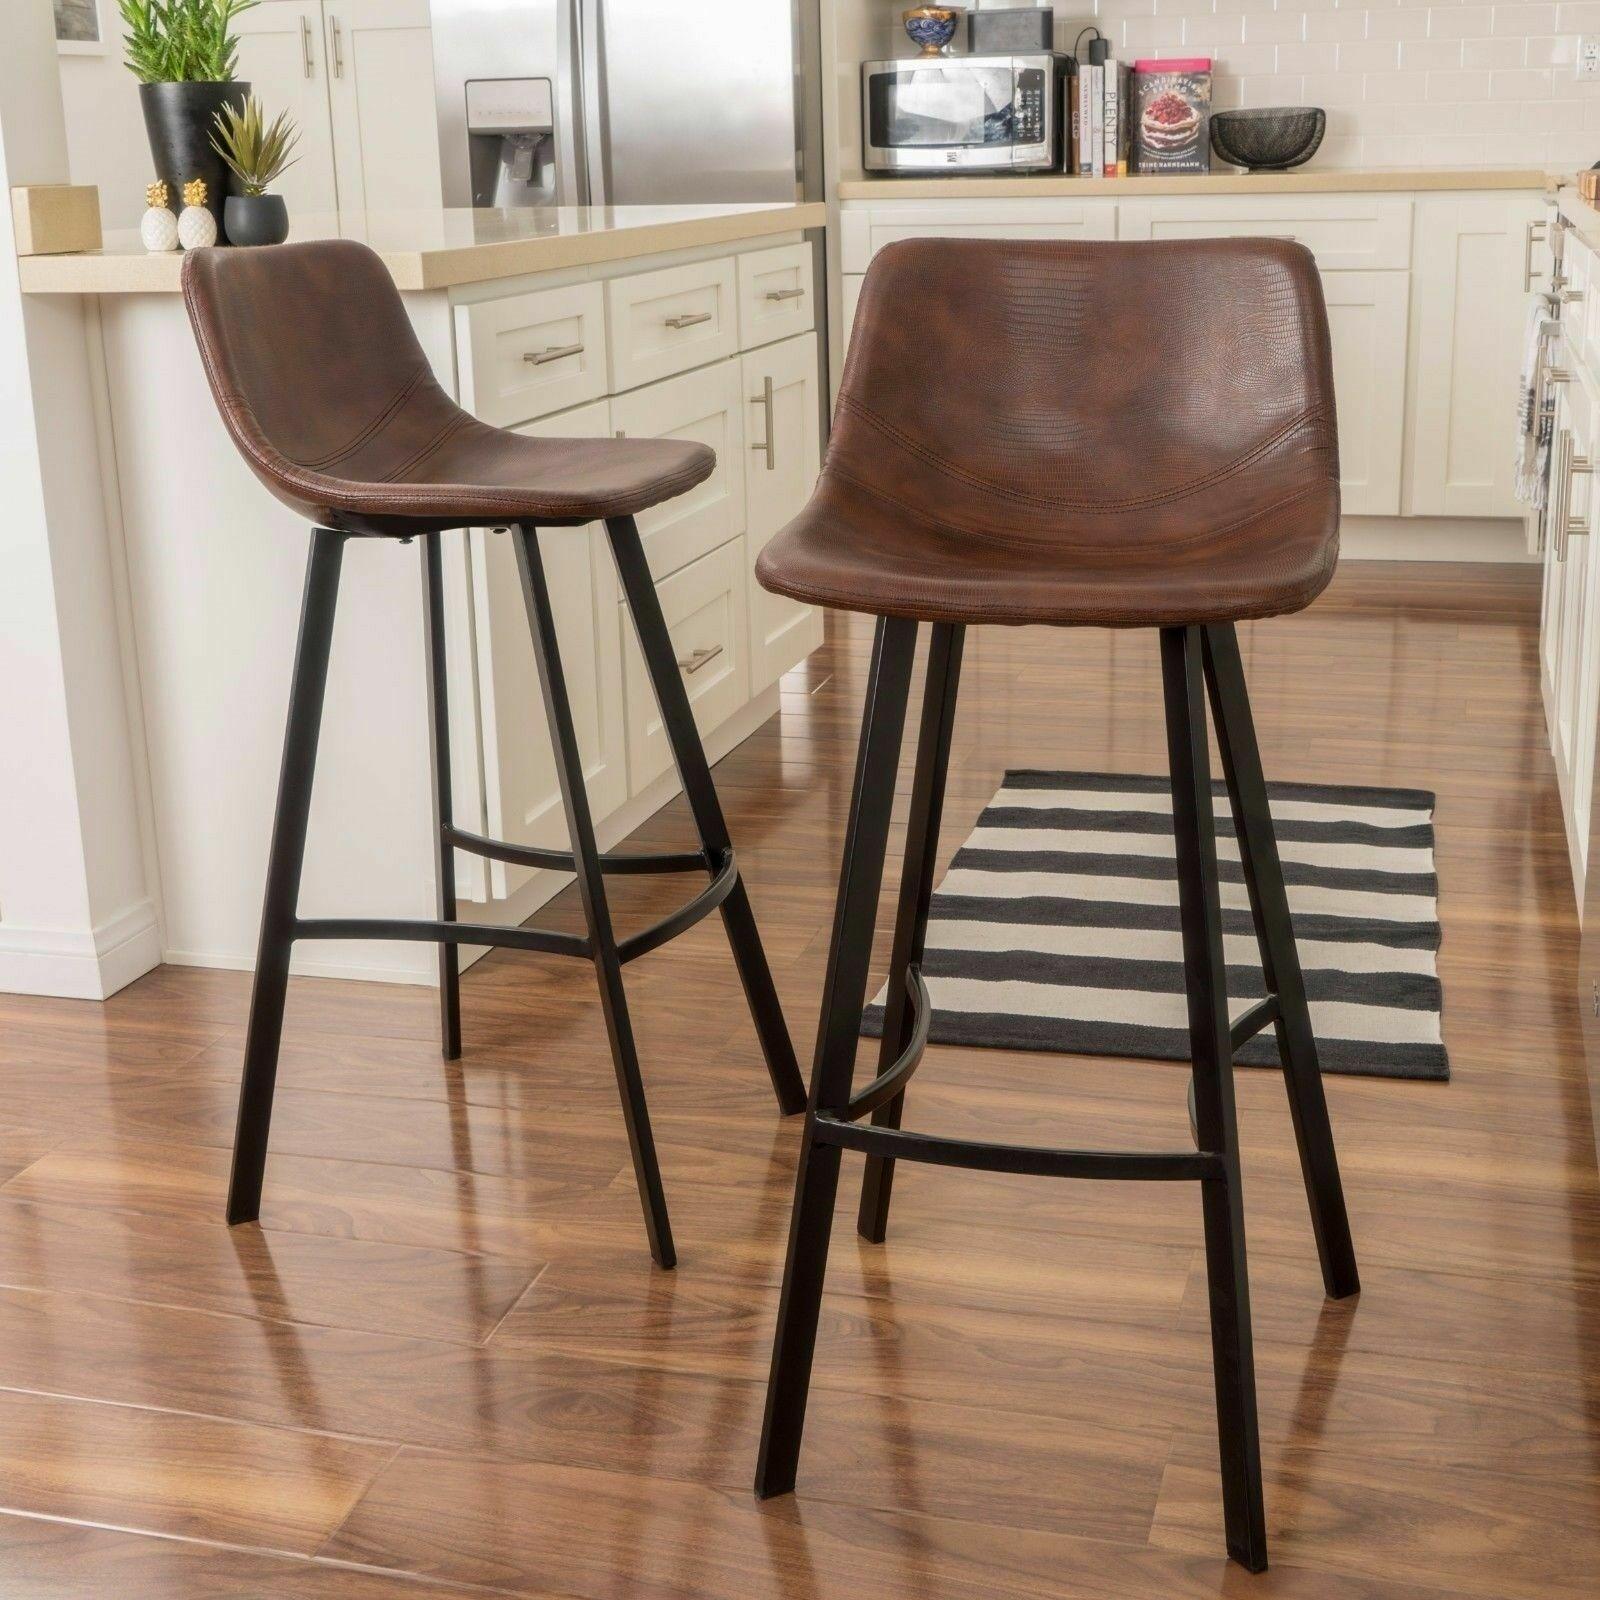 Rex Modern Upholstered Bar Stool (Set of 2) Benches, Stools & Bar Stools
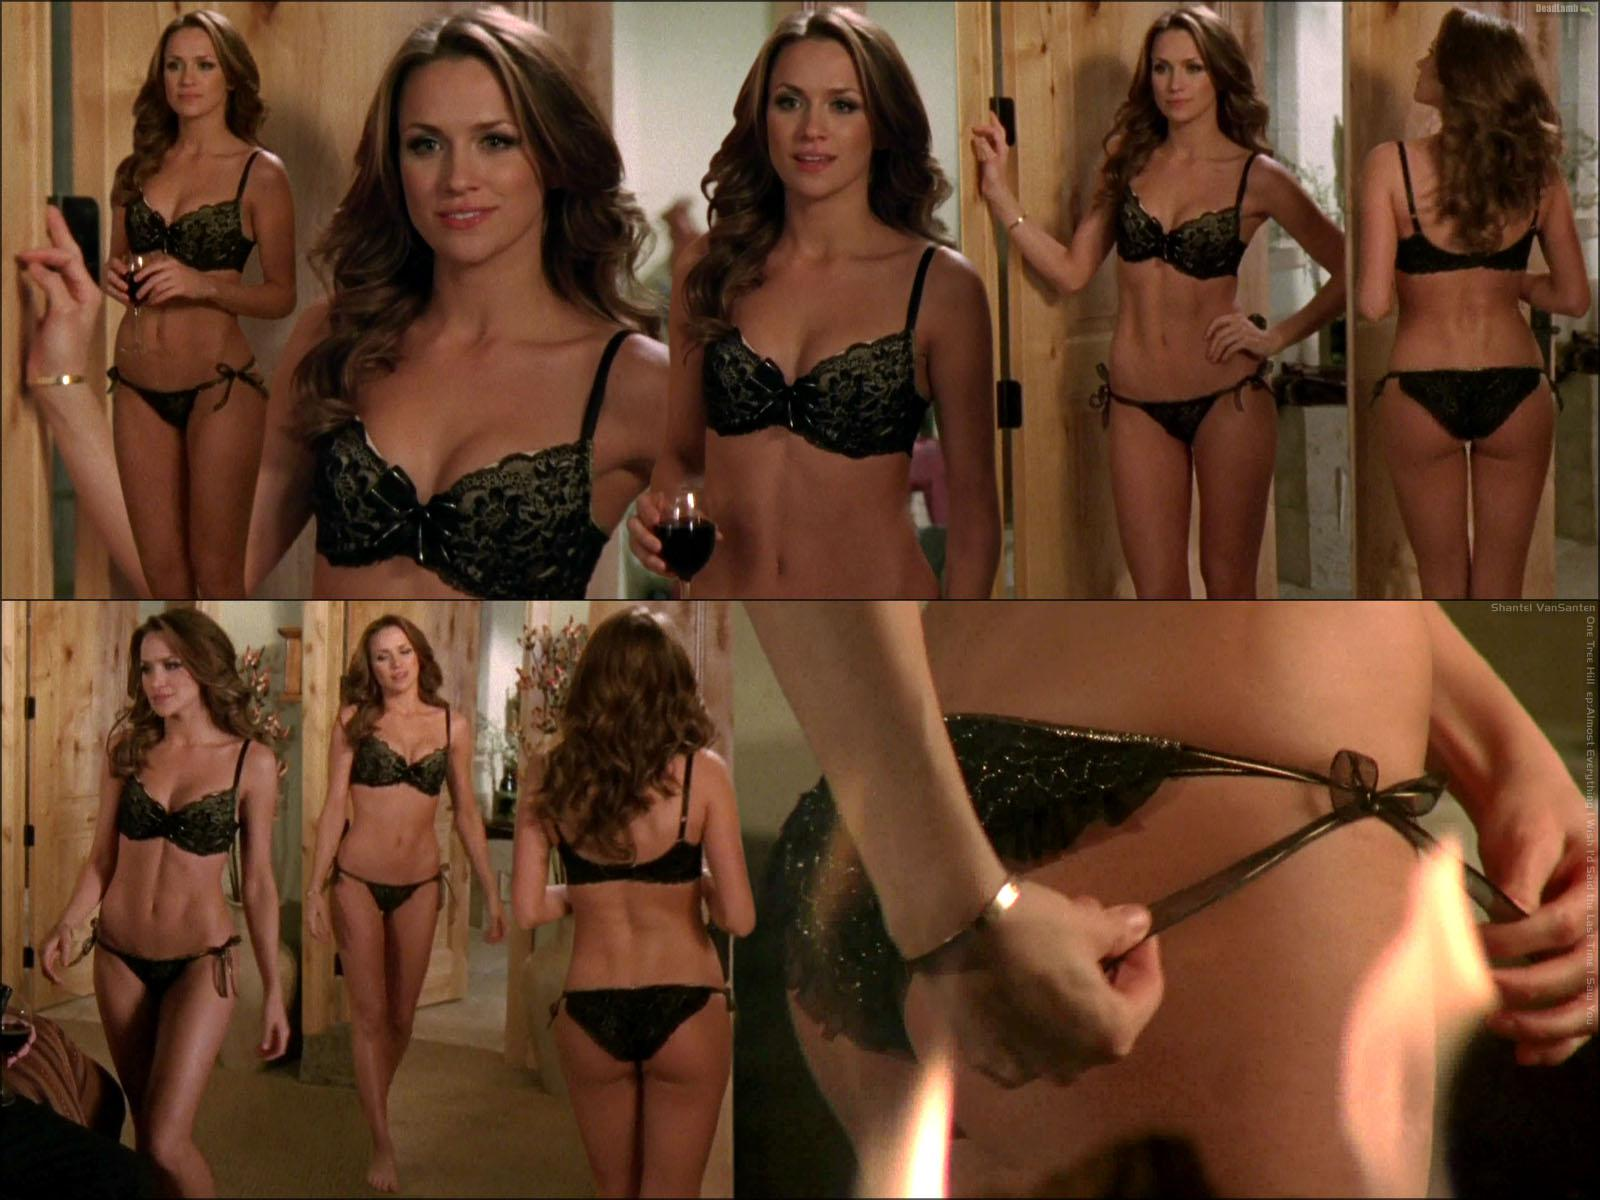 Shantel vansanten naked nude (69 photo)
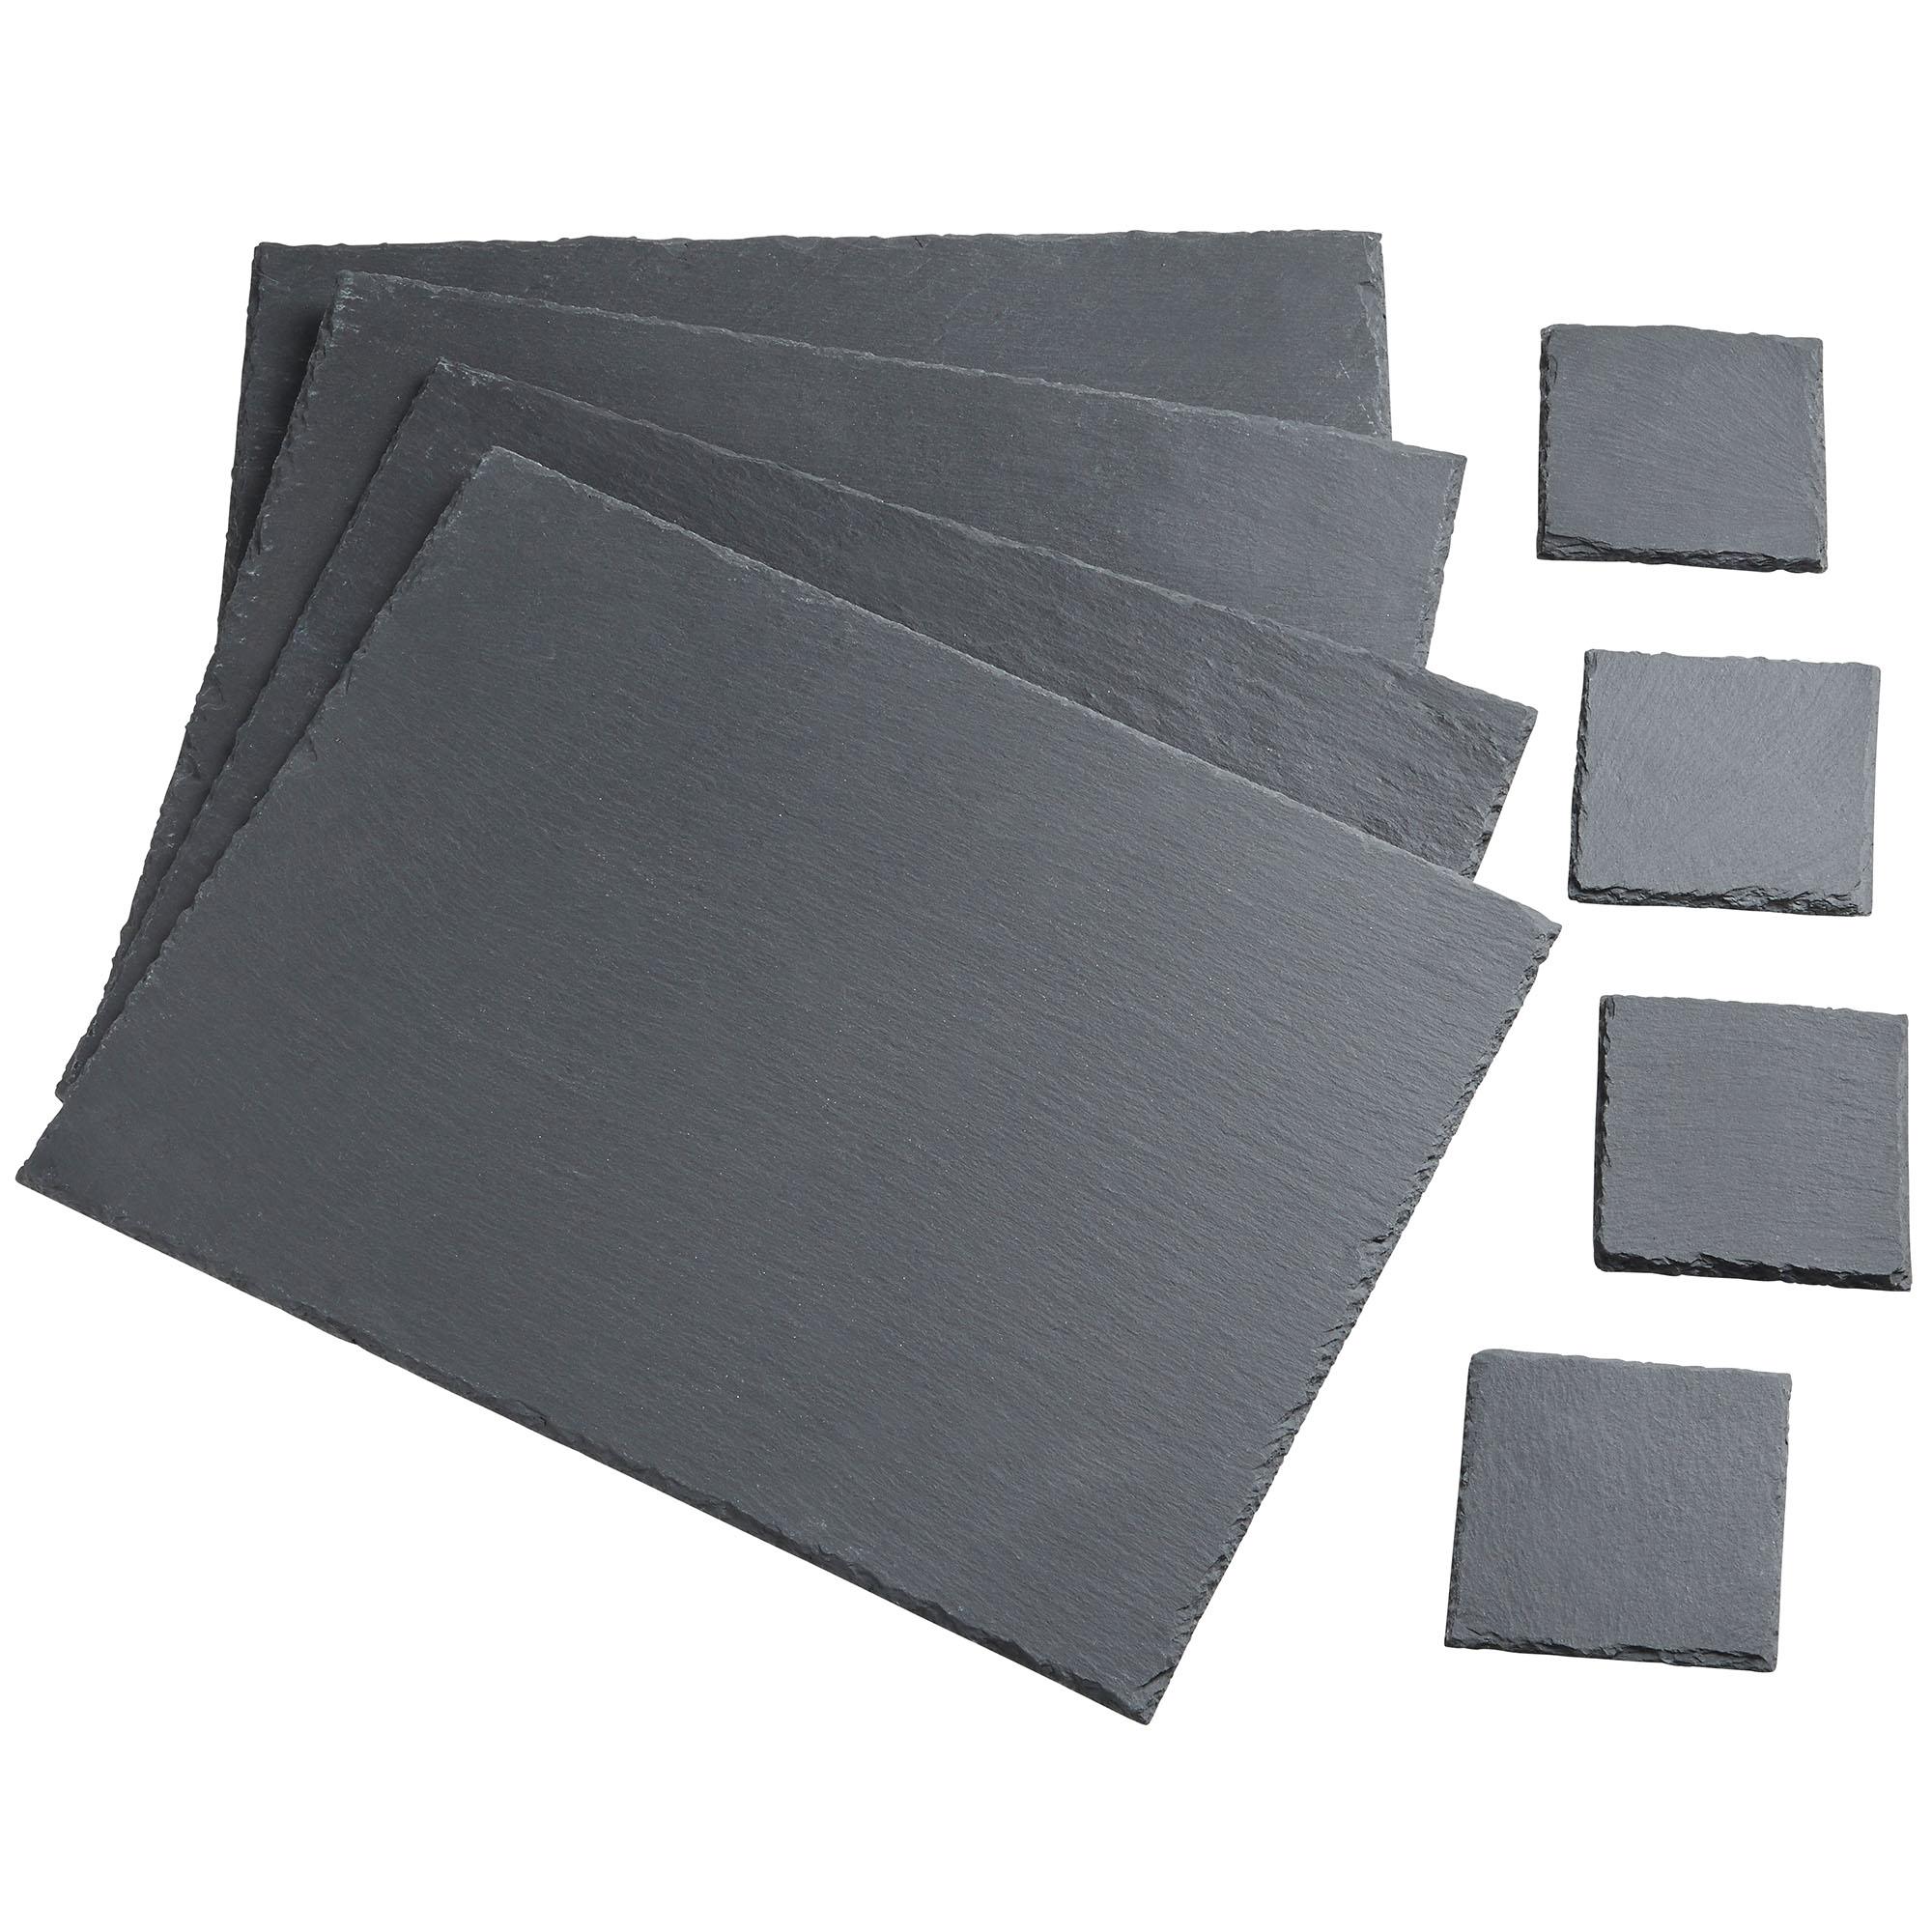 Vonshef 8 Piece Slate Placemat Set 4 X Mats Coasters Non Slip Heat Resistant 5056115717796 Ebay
#####
• Exercise instructions:
Every line of the data should be copied as it stands, without the images.

• Task result:
 Rex Modern Upholstered Bar Stool (Set of 2) Benches, Stools & Bar Stools
 Shantel vansanten naked nude (69 photo)
 Vonshef 8 Piece Slate Placemat Set 4 X Mats Coasters Non Slip Heat Resistant 5056115717796 Ebay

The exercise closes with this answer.